Seit 2024 unterstützt sie mit ihrem Unternehmen „The change effect“ insbesondere KMUs bei Veränderungsprozessen, indem sie rechtliche Expertise mit fundiertem HR-Know-how und Coaching Tools verbindet.
Sie ist Mutter von zwei fast erwachsenen Kindern (18 und 22) und lebt mit ihrem Mann im idyllischen Taunus. Kraft und Inspiration schöpft sie aus ihrer Leidenschaft für das Reisen, der italienischen Sprache und Schwimmen in allen Gewässern.
1.Wann haben Sie sich zum ersten Mal mit Coaching beschäftigt und warum? Was hat Sie daran besonders fasziniert?
Mein Weg zum Coaching begann 2016 mit einer Mediationsausbildung. Damals führte ich bei British Airways zahlreiche Verhandlungen mit Gewerkschaften und Betriebsräten. Es war mir ein persönliches Anliegen, diese Gespräche lösungsorientierter zu gestalten. Die Ausbildung eröffnete mir neue Perspektiven zu gewaltfreier Kommunikation und dem Erarbeiten echter Win-Win-Lösungen.
2019 folgte dann meine Coaching-Ausbildung – ein echter Gamechanger, sowohl für mich persönlich als auch für meine Arbeit mit Führungskräften. Besonders faszinierend fand ich, wie der richtige Coaching-Ansatz verborgene Potenziale freilegen kann und wie sich dadurch meine Unterstützung als HR-Verantwortliche auf ein völlig neues Niveau heben ließ.
Meine Leidenschaft für das Thema führte mich 2023 zur Weiterbildung als Teamcoach und 2024 zur Mastercoach-Ausbildung an der Dr. Bock Coaching Akademie, die ich in Kürze abschließen werde.
2. Worauf haben Sie persönlich beim Erlernen von Coaching besonders geachtet?

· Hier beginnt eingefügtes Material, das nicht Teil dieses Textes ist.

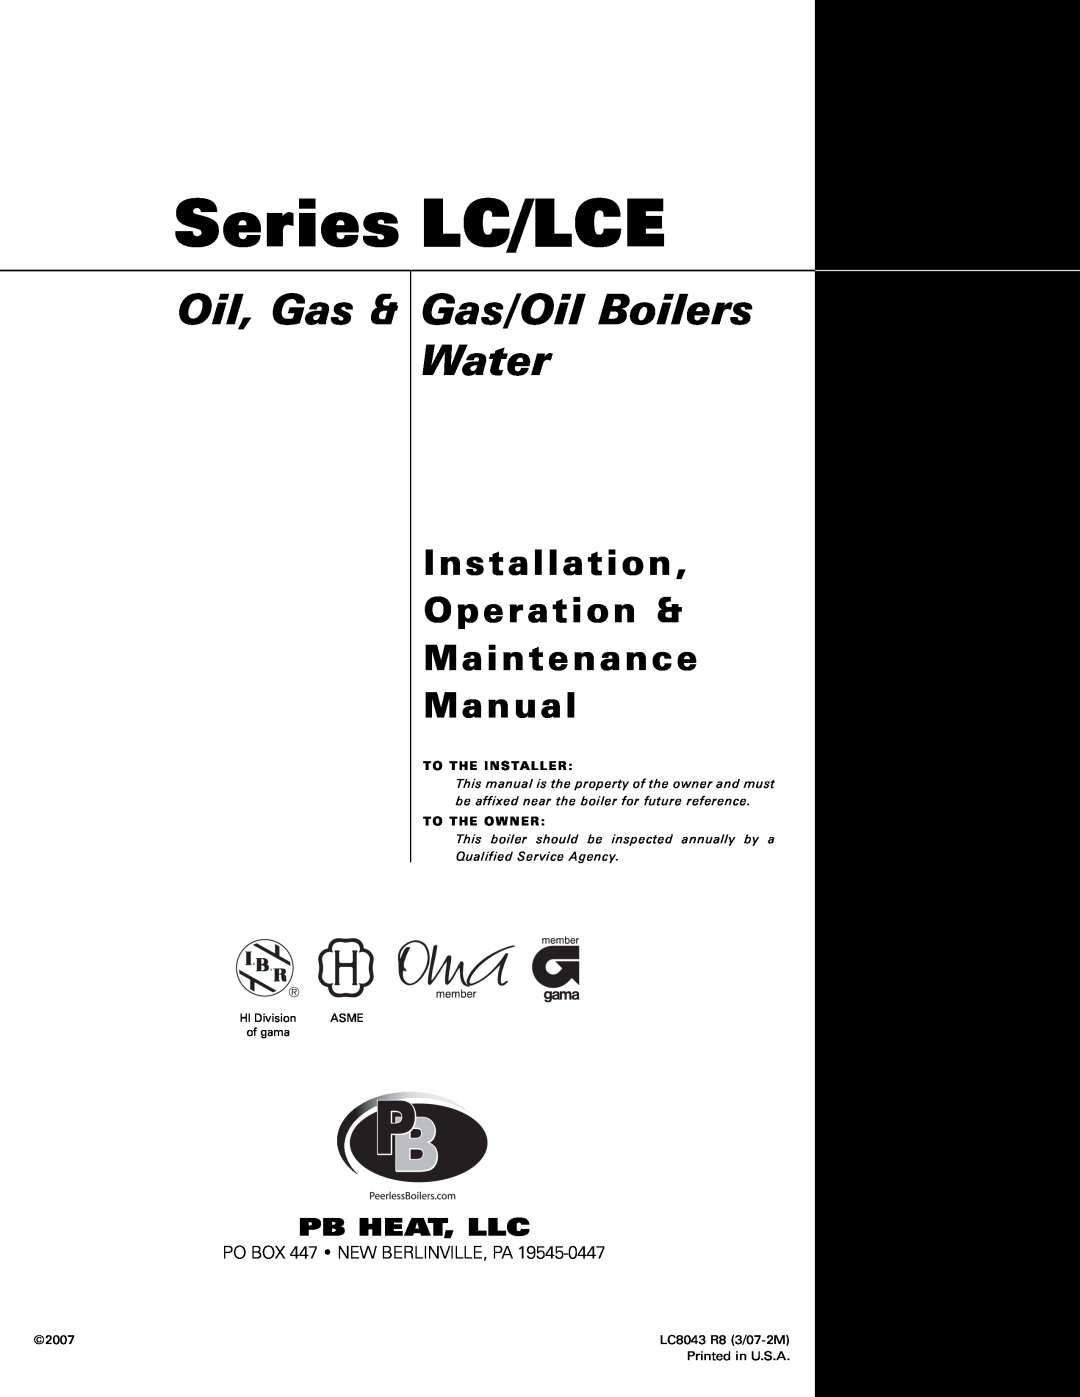 PB Heat Oil, Gas & Gas/Oil Boilers Water, Series LC/LCE, Installation Operation & Maintenance Manual, Pb Heat, Llc 
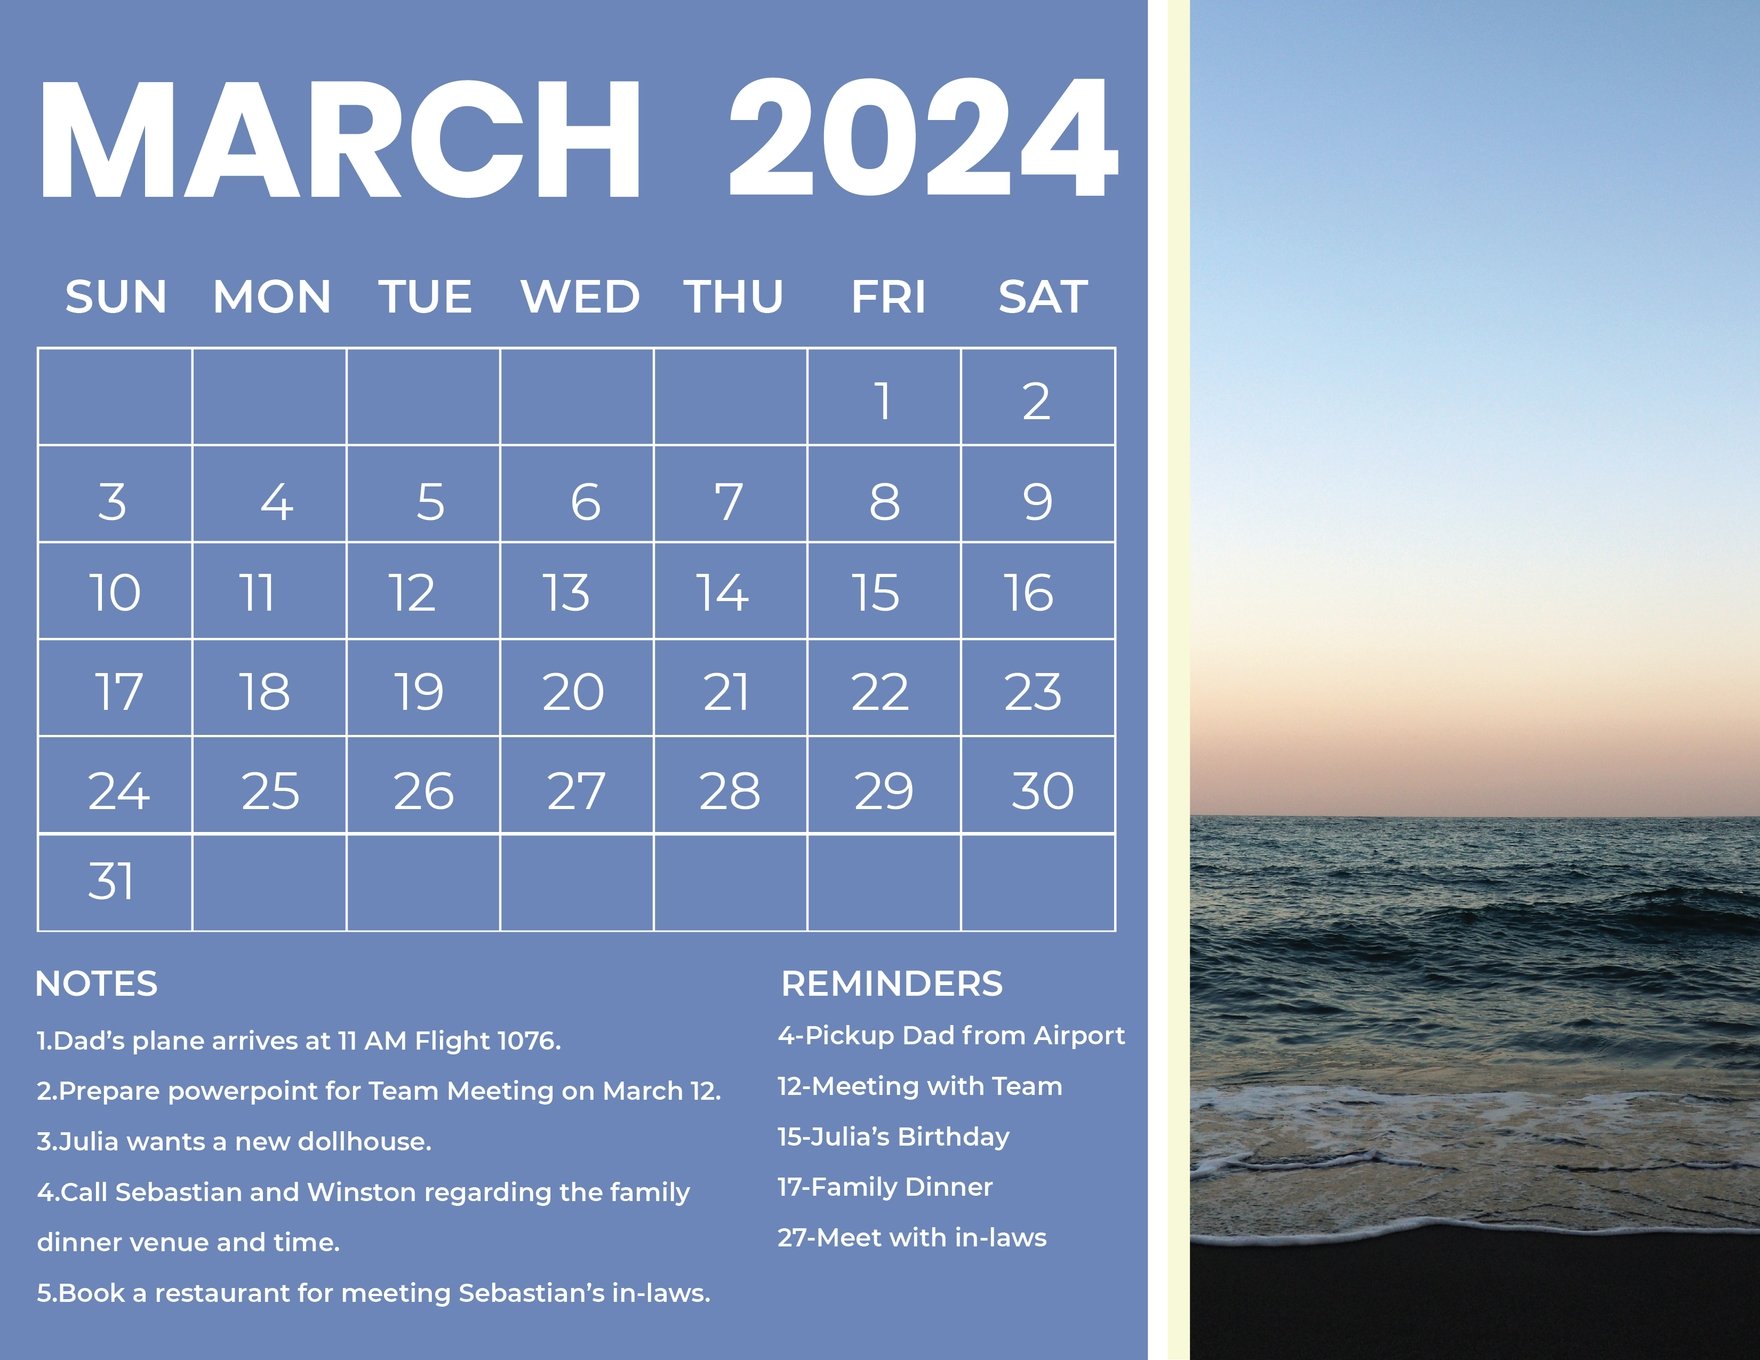 March 2024 Photo Calendar in Word, Illustrator, EPS, SVG, JPG

Insbesondere auf die fundierte Ausbildung! Das bedeutet für mich: Klare Inhalte, erfahrene Lehrcoaches, Methodenvielfalt, viel Raum für Praxis, Feedback, mehr als 150 Stunden in Präsenz und Ethik, Werte und eine Haltung, die mir als Coach Vertrauen in die Ausbildung geben. Am Anfang habe ich viel recherchiert, weil mir die Erfahrung fehlte. Bei der Entscheidung bin ich dann aber meiner Intuition gefolgt – und habe sehr gute Erfahrungen gemacht.
3. Was hat sich für Sie nach Ihrer Coachingausbildung in Ihrer juristischen Tätigkeit verändert? Welche Reaktionen haben Sie von Kollegen, Mitarbeitern und Klienten erhalten?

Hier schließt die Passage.